If you're using a mortgage:

  • Pre-approval first. Take it before you make offers. It costs nothing and tells you exactly what you can afford.
  • Pre-approval timeline: 3–5 business days for a salaried resident, 10–14 days for non-residents, 14–21 days for self-employed.
  • Required documents: Emirates ID + passport + visa, salary certificate, last 6 months bank statements, latest payslips, liability letter for existing loans.

Step 3 — Hire a buyer's broker

Dubai's broker market is RERA-licensed. Always verify your broker's RERA card before signing anything.

The buyer agent fee is typically 2% of property value, paid by the buyer. Some agents claim to be 'representing both sides' — push back; that's a conflict of interest dressed up as efficiency.

Step 4 — Make an offer and sign Form F

Form F is the standard MOU between buyer and seller. Once signed:

  • 10% deposit goes to the seller's broker (held in escrow)
  • The seller takes the property off-market
  • Both parties commit to a settlement date, typically 30–60 days out

Step 5 — Apply for the NOC

The seller applies for a No Objection Certificate from the developer (Emaar, Nakheel, etc.). NOC fees range AED 500–5,000 depending on developer. Turnaround 5–10 business days.

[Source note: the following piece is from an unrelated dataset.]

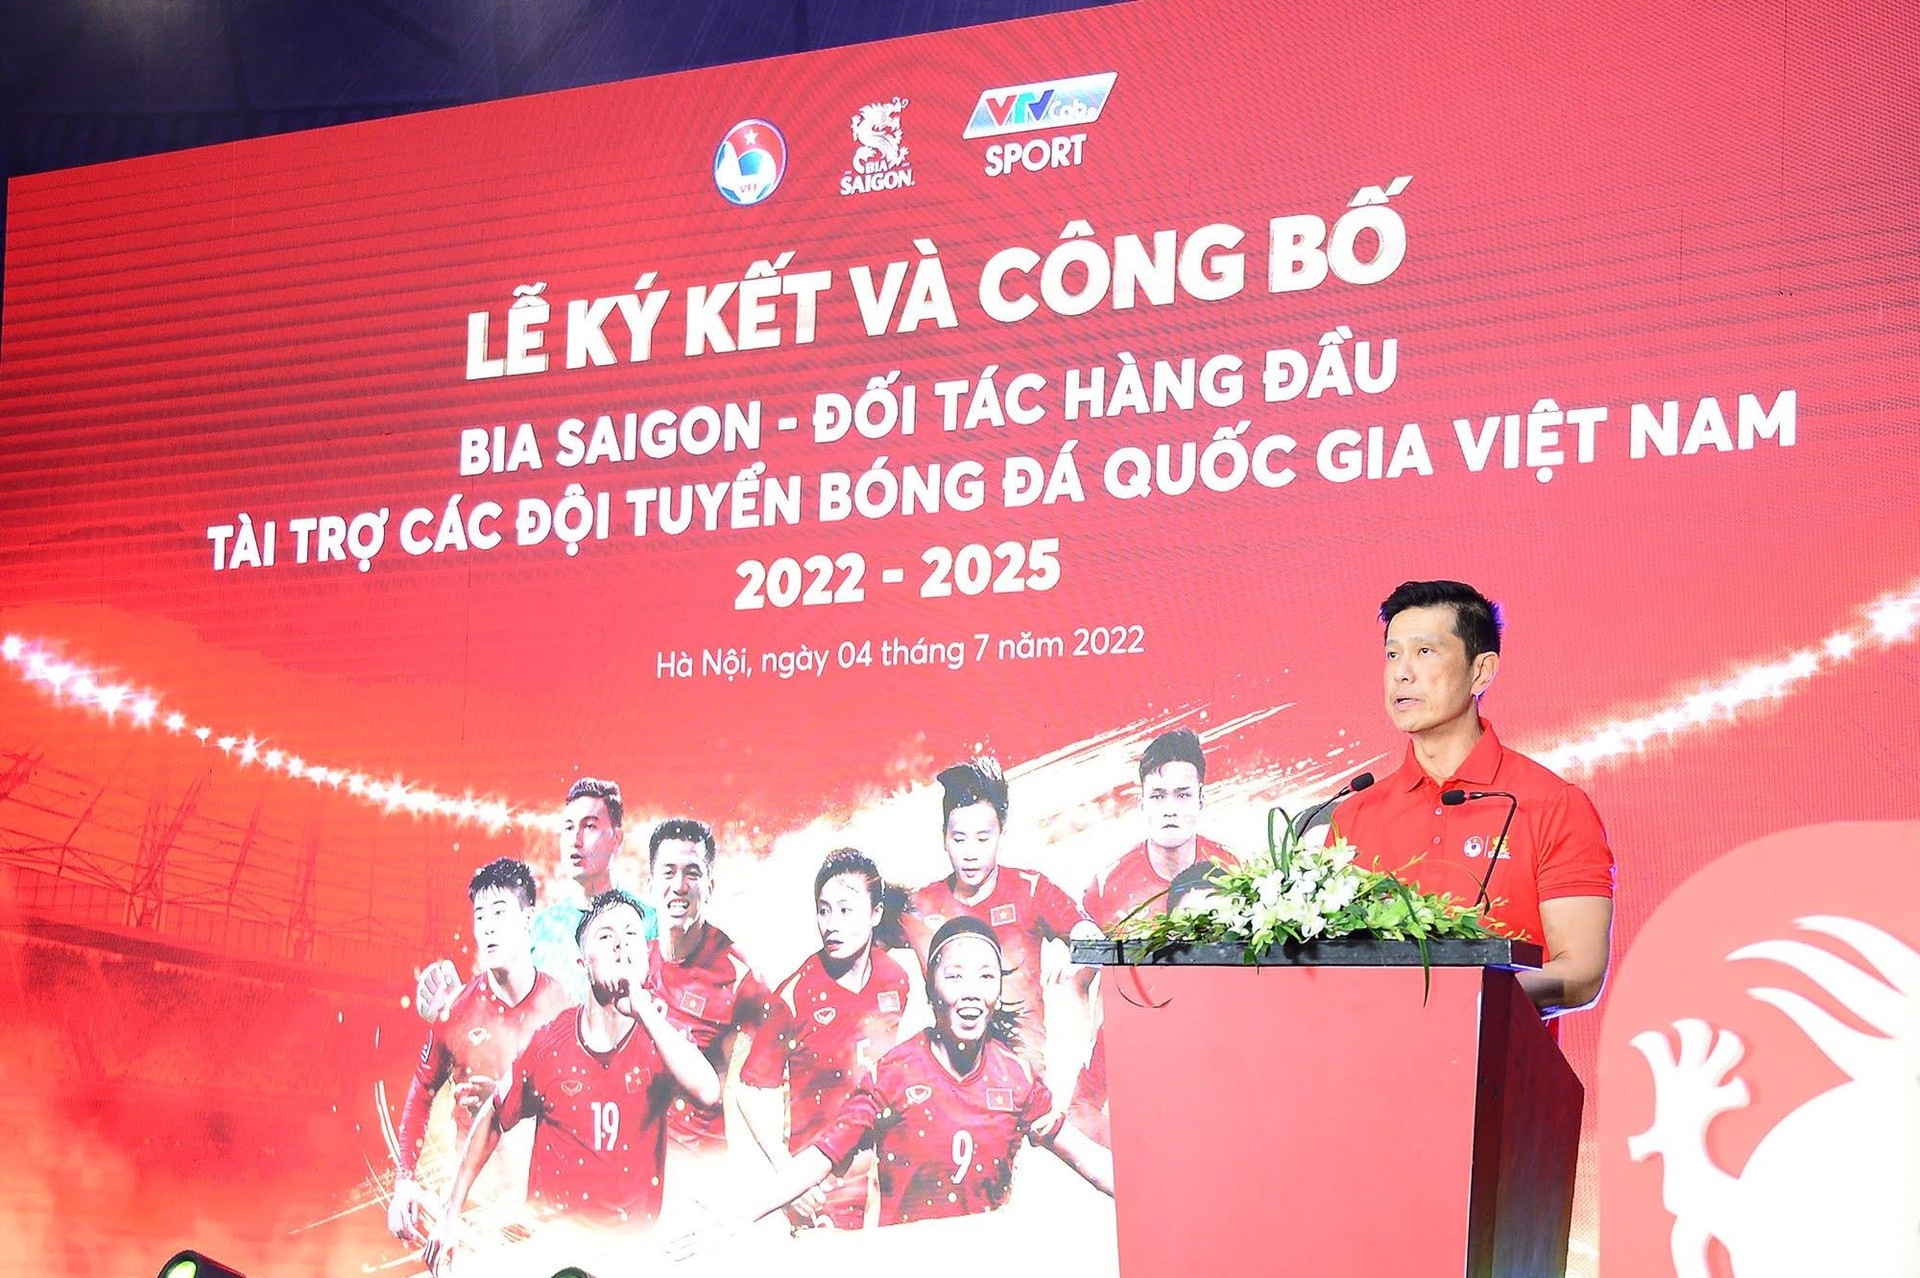 Các đội tuyển bóng đá Việt Nam nhận thêm tài trợ lớn - 2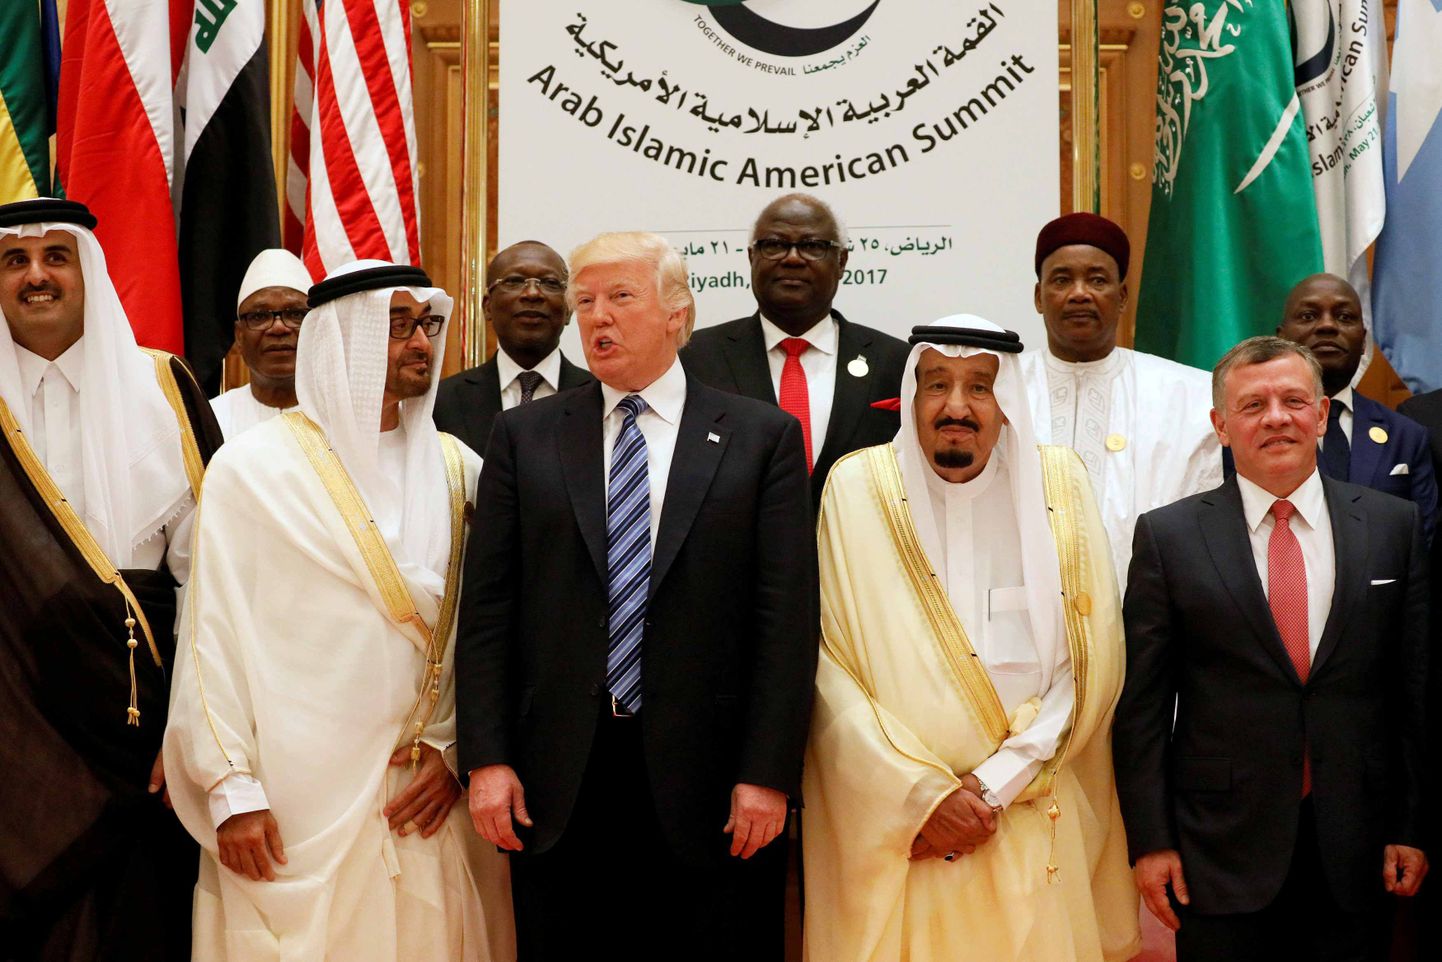 Lõhed seni sõbralikes suhetes hakkasid silma juba mai lõpus Saudi-Araabias peetud Pärsia lahe koostöönõukogu kohtumisel, kus Katari liidrid tõrjuti silmnähtavalt kõrvale. Ka ühisfotol USA presidendi Donald Trumpiga (keskel) puksiti Katari emiir Tamim Bin Hamad al-Thani (vasakul) eemale ja Trumpi kõrval võtsid kohad sisse Abu Dhabi kroonprints šeik Mohammed bin Zayed al-Nahyan (Trumpist vasakul) ja Saudi Araabia kuningas Salman bin Abdulaziz Al Saud (Trumpist paremal). Peagi pärast seda katkestasid rigid diplomaatilsied suhted Katariga.

Step 6 — Final mortgage approval and valuation

If you're using a mortgage, the bank arranges a property valuation (cost: ~AED 3,150). The bank issues a final offer letter once valuation matches the agreed sale price.

Step 7 — Title transfer at the DLD

At the DLD trustee office (or a registered DLD partner office like Al Tabu), all parties meet — buyer, seller, brokers, bank rep if mortgaged. Fees paid:

  • 4% DLD transfer fee on property value
  • AED 580 DLD admin fee
  • AED 4,200 trustee fee (AED 2,100 if value <AED 500k)
  • 0.25% mortgage registration (if mortgaged) + AED 290
  • Buyer 2% broker fee
  • Bank arrangement fee (typically 1% of loan, capped at AED 10k)

Title transfers same day. New title deed in your name issued within 24 hours.

Total upfront costs

For a AED 1.5M apartment with 80% LTV mortgage:

  • Down payment: AED 300,000
  • DLD transfer: AED 60,580
  • Mortgage registration: AED 3,290
  • Trustee fee: AED 4,200
  • Buyer broker: AED 30,000
  • Bank arrangement: AED 10,000
  • Valuation: AED 3,150
  • Total upfront: AED 411,220 (27% of property value, of which AED 300k is your down payment)

For cash purchase, the same property: AED 1,594,780 total (6.3% on top of price).

What people get wrong

  1. Underestimating service charges. A AED 1.5M Marina apartment will cost AED 15,000–25,000 per year in service charges. That's 1–1.5% of value annually, before maintenance.
  2. Buying on glossy marketing rather than transaction data. Always look at last-12-months DLD transactions in the specific building before you offer. Glossy launches frequently price 10–20% above secondary market.
  3. Skipping the snagging report on off-plan handover. Snagging is your only chance to flag construction defects before final payment. Pay AED 2,000–4,000 for a professional report.
  4. Ignoring the mortgage product structure. A 1-year fixed at 3.99% sounds great but reverts to a punitive variable rate after year 1. A 5-year fixed at 4.5% can be cheaper over the hold period.

Bottom line

Dubai property is one of the more buyer-friendly markets globally — process is fast, taxes are minimal (no annual property tax, no capital gains), and freehold is genuinely freehold. But the friction sits in the documents, the underwriting and the small fees. Get pre-approved, hire a RERA-licensed buyer broker, verify the building's transaction history, and don't skip the snagging on off-plan.